How do I find the points of tangency given a 2 variable function and a normal vector?

Question

I'm given the two variable function $f(x,y) = 4x^2+7y^2+5xy+14$ and asked to find the (2) points on the surface where the vector $6\hat i + 69\hat j + 3\hat k$ is normal to the tangent plane.
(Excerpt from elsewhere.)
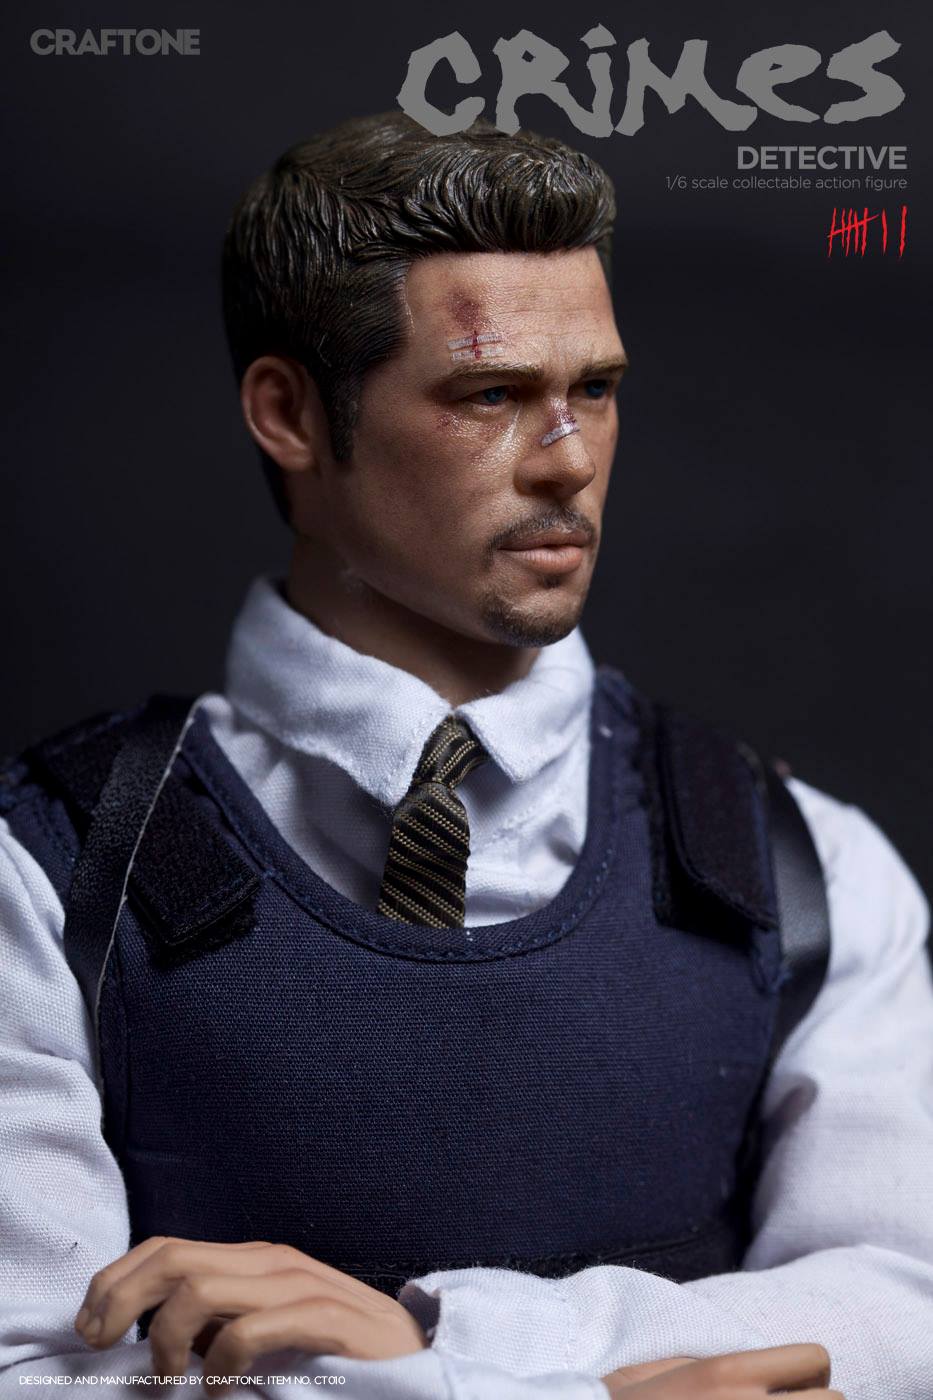 toyhaven: Incoming: CRAFTONE 1/6th scale CRIMES Detective 12

So far I have written a generalized linearization using the points $f(a,b)$: $$f(a,b) = 4a^2+7b^2+5ab+14$$ $$\Rightarrow z_0 = 4a^2+7b^2+5ab+14$$ $$ $$ $$\frac{\partial f}{\partial x} = 8x+5y$$ $$\Rightarrow x_0 = 8a+5b$$ $$ $$ $$\frac{\partial f}{\partial y} = 14y+5x$$ $$\Rightarrow y_0 = 14b+5a$$ For the following linearization: $$ $$ $$L(x,y) = 4a^2+7b^2+5ab+14+(8a+5b)(x-a)+(14b+5a)(y-b)$$ $$ $$ Rearranging this to be in the standard form of a plane: $$ $$ $$x(8a+5b)+y(14b+5a)-z = 4a^2+7b^2+5ab-14$$ $$ $$ If the goal is to find the two points where the given vector is normal to this plane I am at a loss. Any help from this point would be greatly appreciated.
Edit: Fixed an error in the partial derivatives.

Answer 1

$z = f(x,y) = 4x^2 + 7y^2+5xy + 14$

The normal to the tangent plane is along the gradient of $f$

$\nabla f = \begin{bmatrix} 8 x + 5 y \\ 14 y + 5 x \\-1 \end{bmatrix} $

If $\nabla f$ is parallel to $ (6, 69, 3) $, then their cross product is zero.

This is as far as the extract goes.